PROVIDED ENTRIES:
......

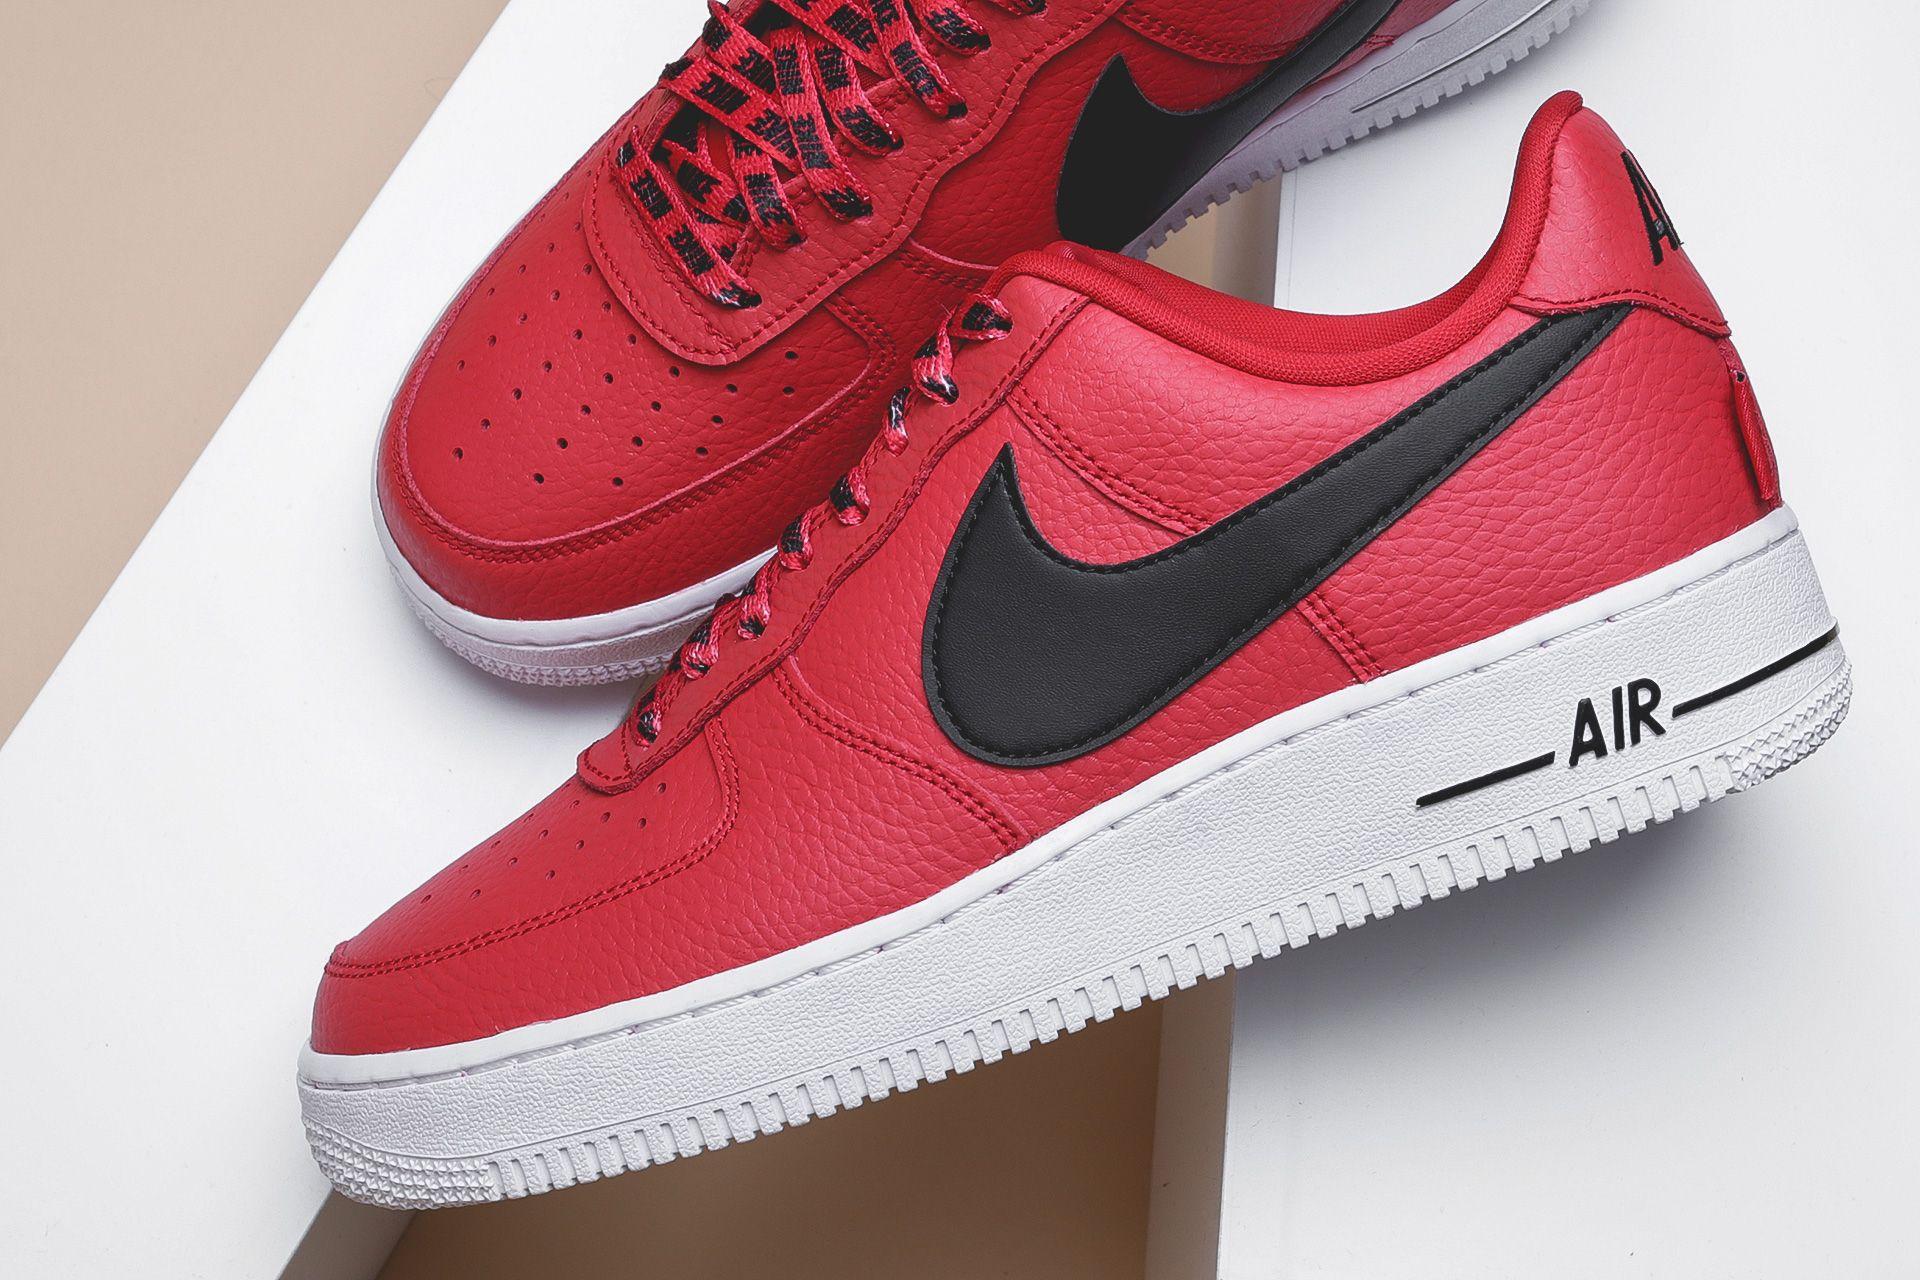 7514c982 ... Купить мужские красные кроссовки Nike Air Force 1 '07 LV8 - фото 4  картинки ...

......

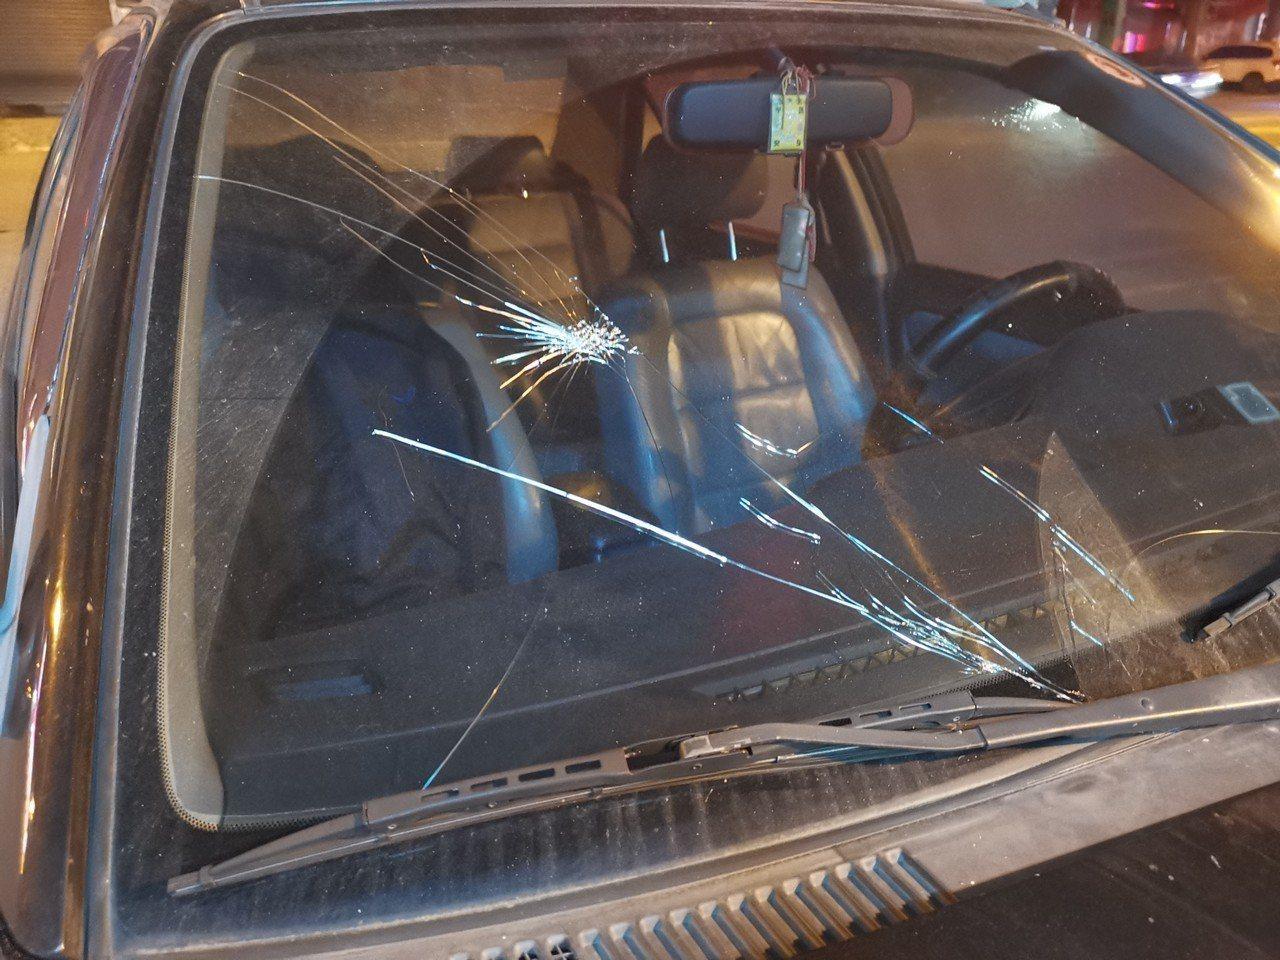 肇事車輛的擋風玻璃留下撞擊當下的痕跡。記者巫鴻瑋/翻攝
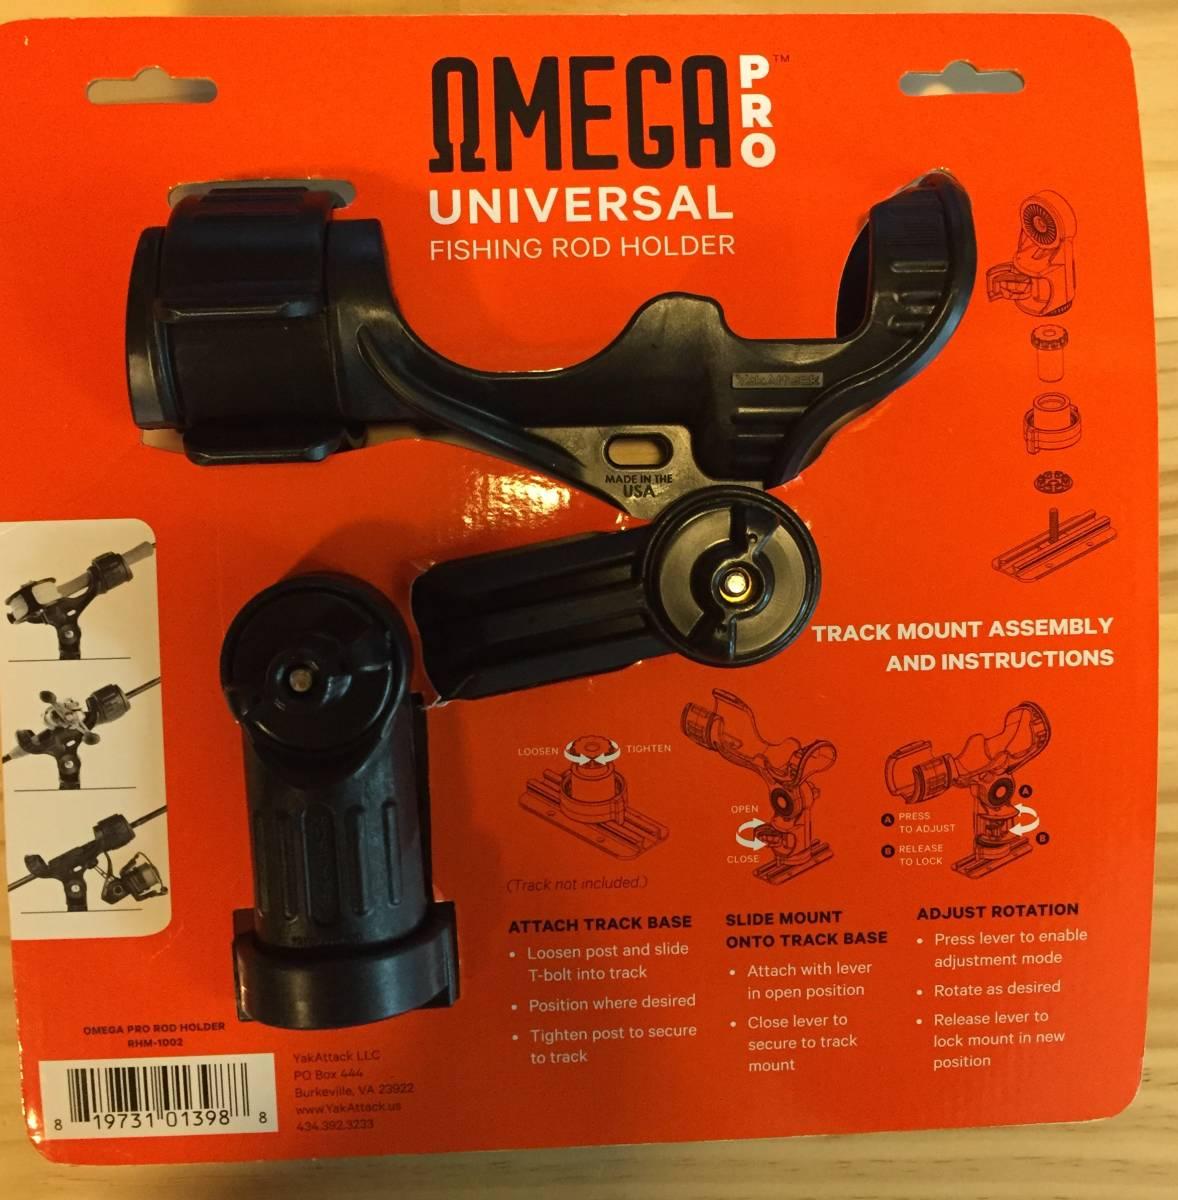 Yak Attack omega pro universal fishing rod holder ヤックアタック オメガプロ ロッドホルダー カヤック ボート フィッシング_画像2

......

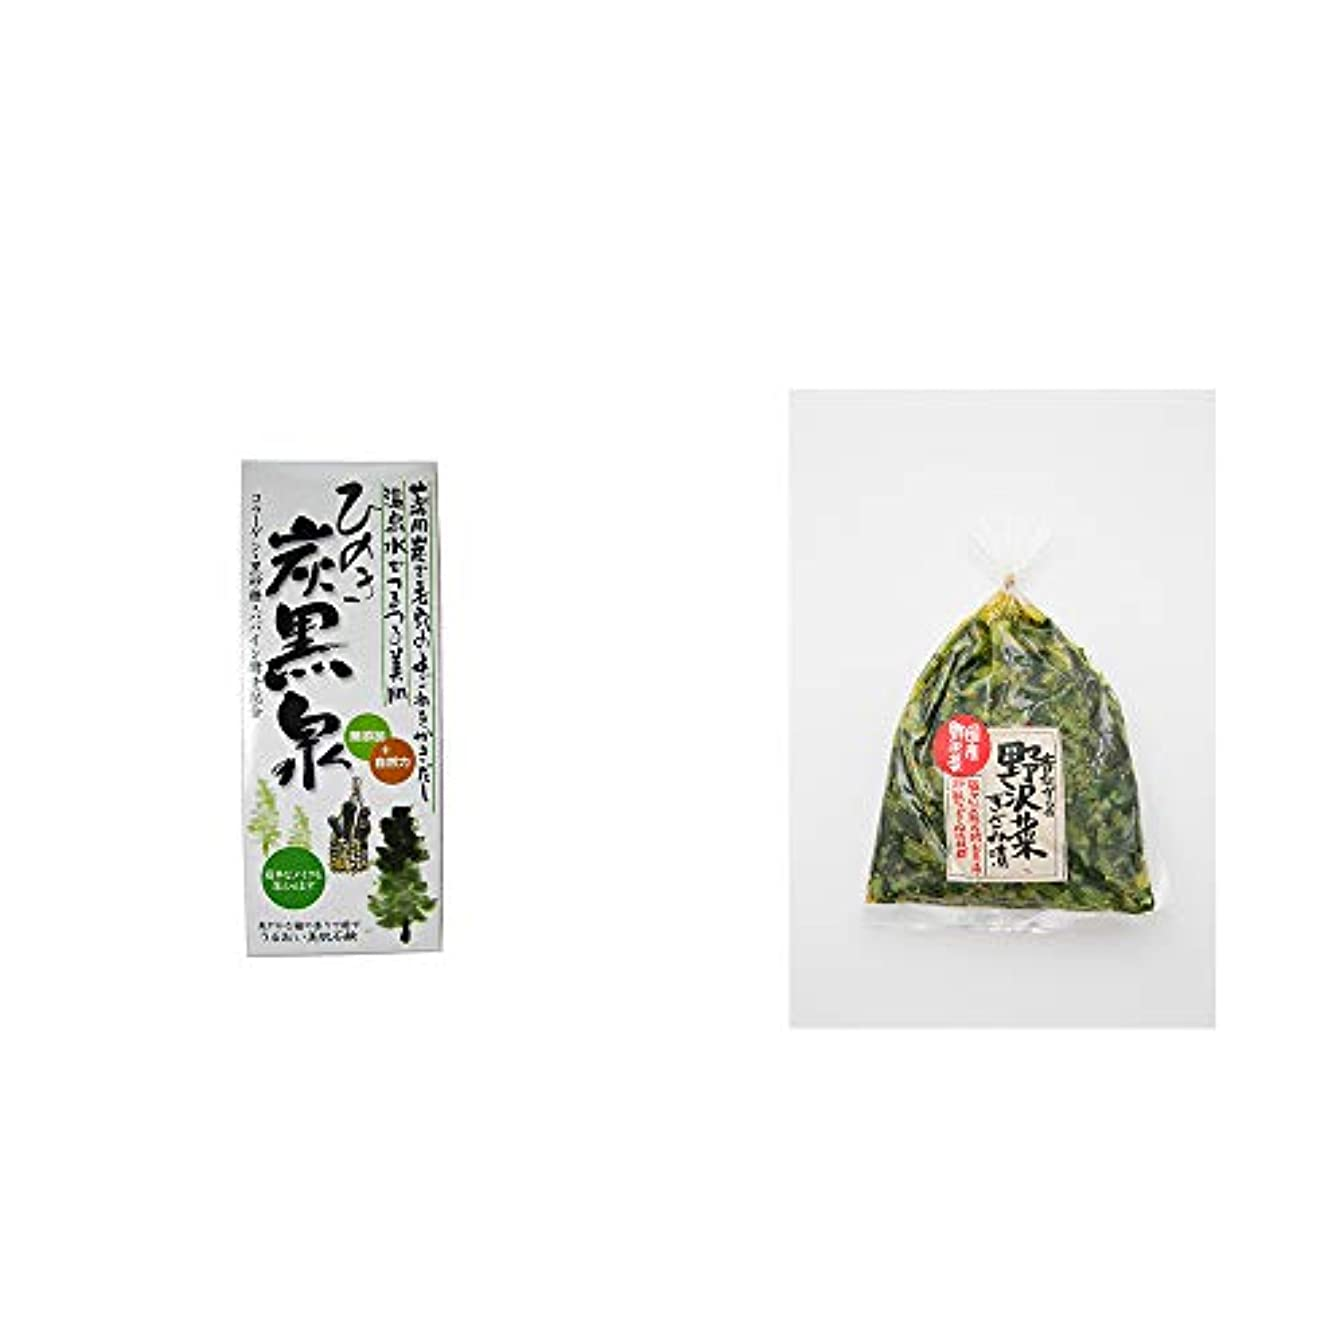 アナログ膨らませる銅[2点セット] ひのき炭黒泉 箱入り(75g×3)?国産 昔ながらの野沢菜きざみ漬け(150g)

......

TASK TO CARRY OUT:
When you reach the line with "肇事車輛的擋風玻璃留下撞擊當下的痕跡。記者巫鴻瑋/翻攝" in the records above, begin repeating the lines exactly, and stop after the line with "Yak Attack omega". Skip all pictures.

SOLUTION TO THIS PROBLEM:
 肇事車輛的擋風玻璃留下撞擊當下的痕跡。記者巫鴻瑋/翻攝
 Yak Attack omega pro universal fishing rod holder ヤックアタック オメガプロ ロッドホルダー カヤック ボート フィッシング_画像2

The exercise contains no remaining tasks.